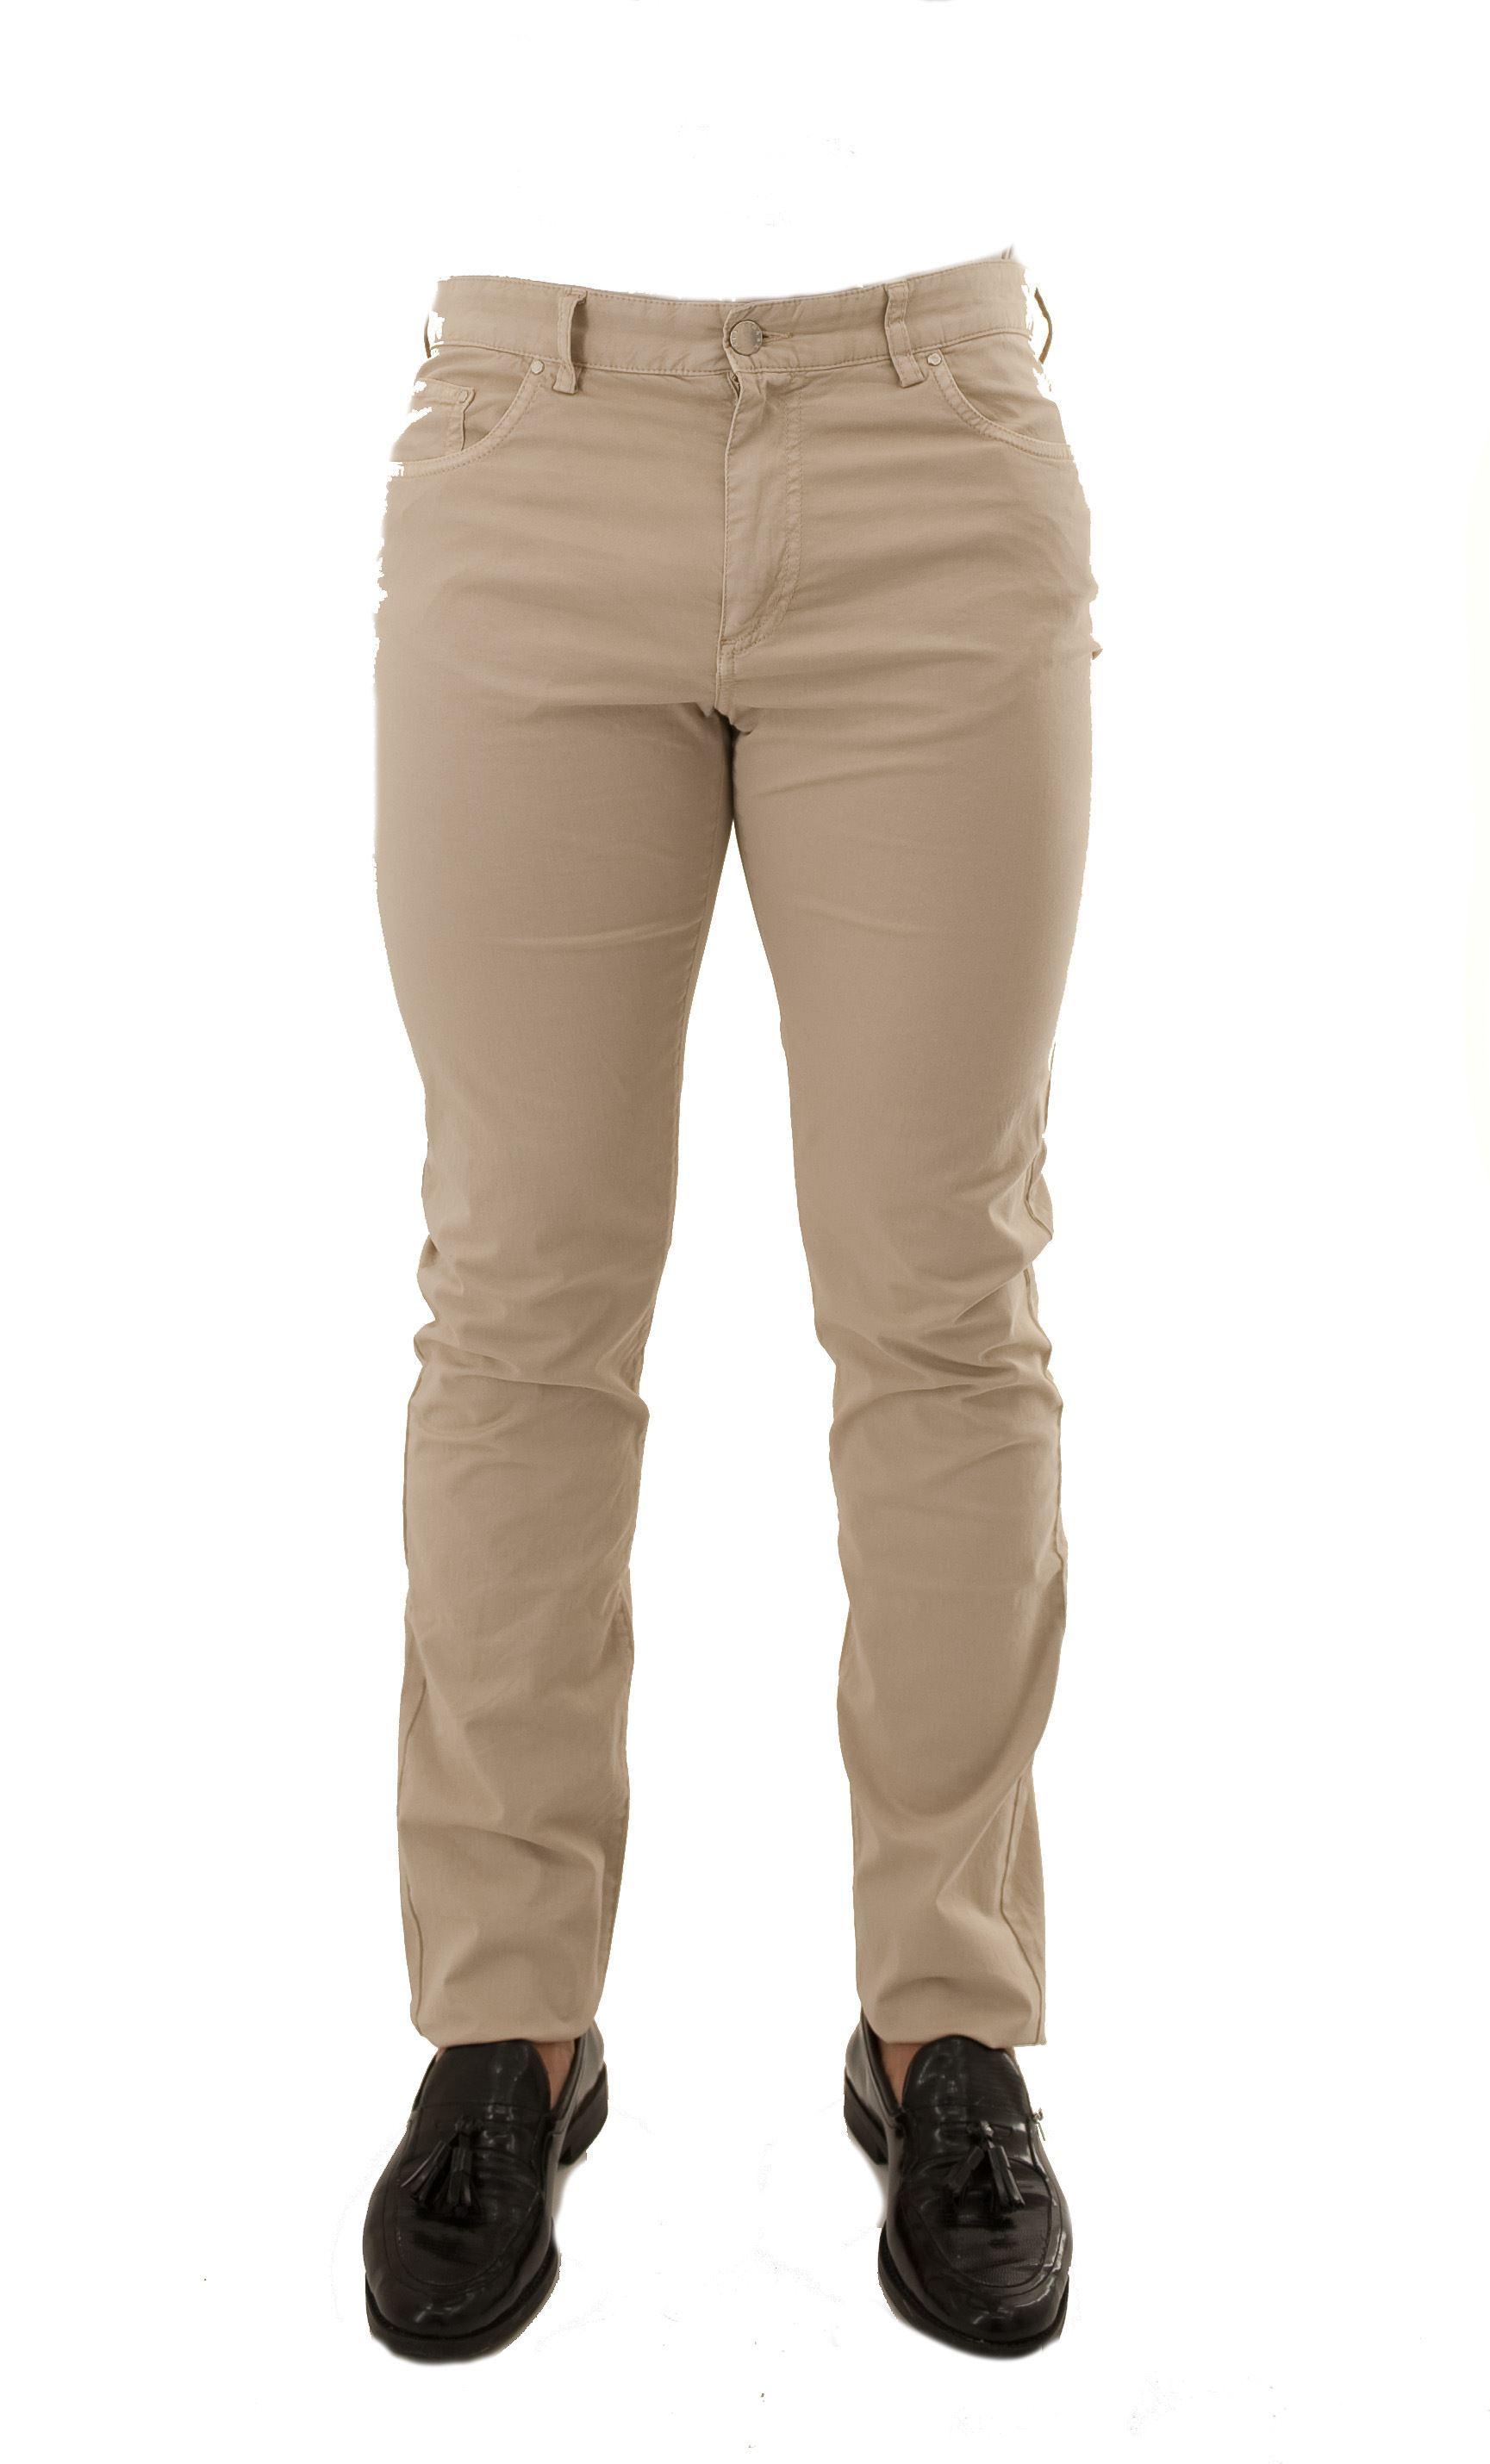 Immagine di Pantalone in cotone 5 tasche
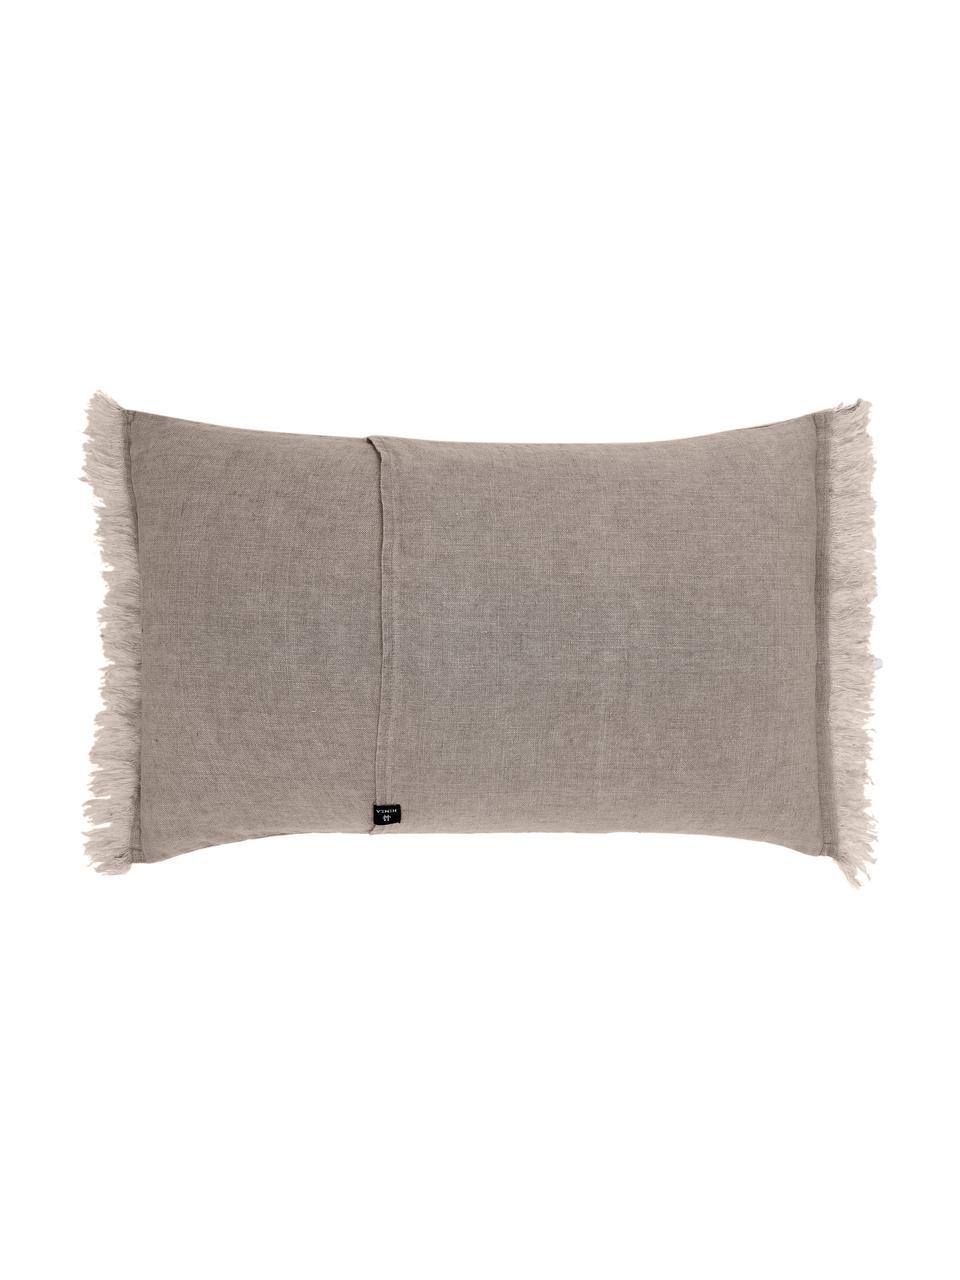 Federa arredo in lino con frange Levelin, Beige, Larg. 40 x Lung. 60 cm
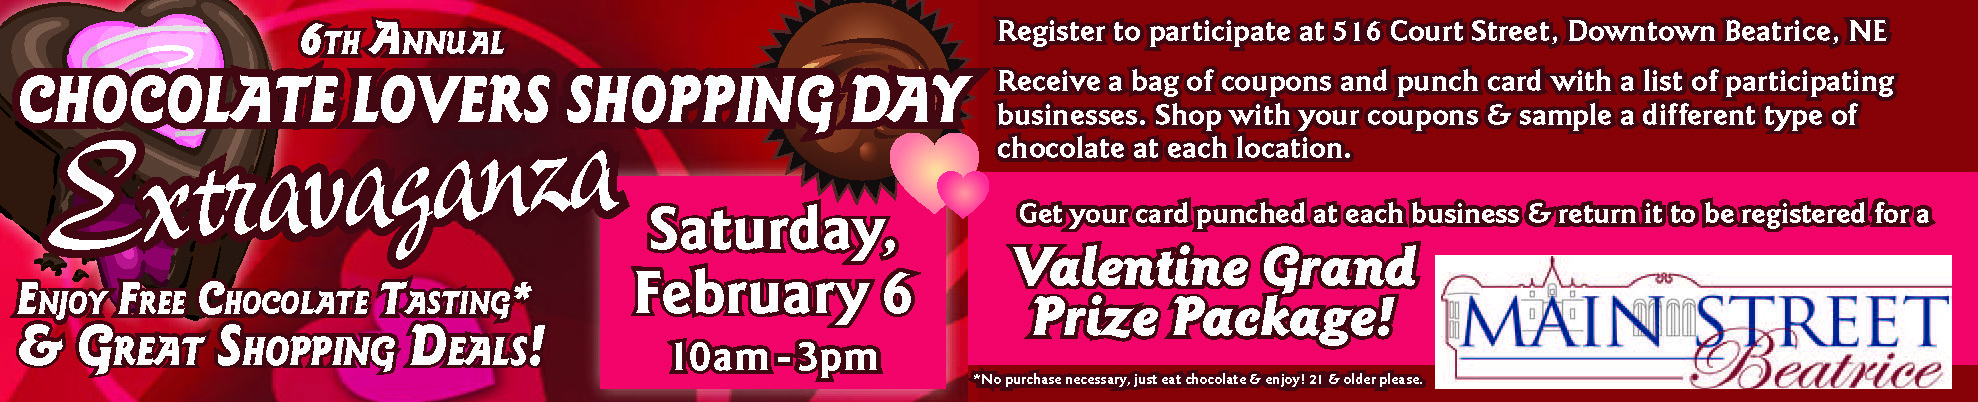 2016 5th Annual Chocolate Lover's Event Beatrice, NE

- [Your goal]
Write out the data exactly, but not its pictures.

- [Exercise result]
 Immagine di Pantalone in cotone 5 tasche
 Federa arredo in lino con frange Levelin, Beige, Larg. 40 x Lung. 60 cm
 2016 5th Annual Chocolate Lover's Event Beatrice, NE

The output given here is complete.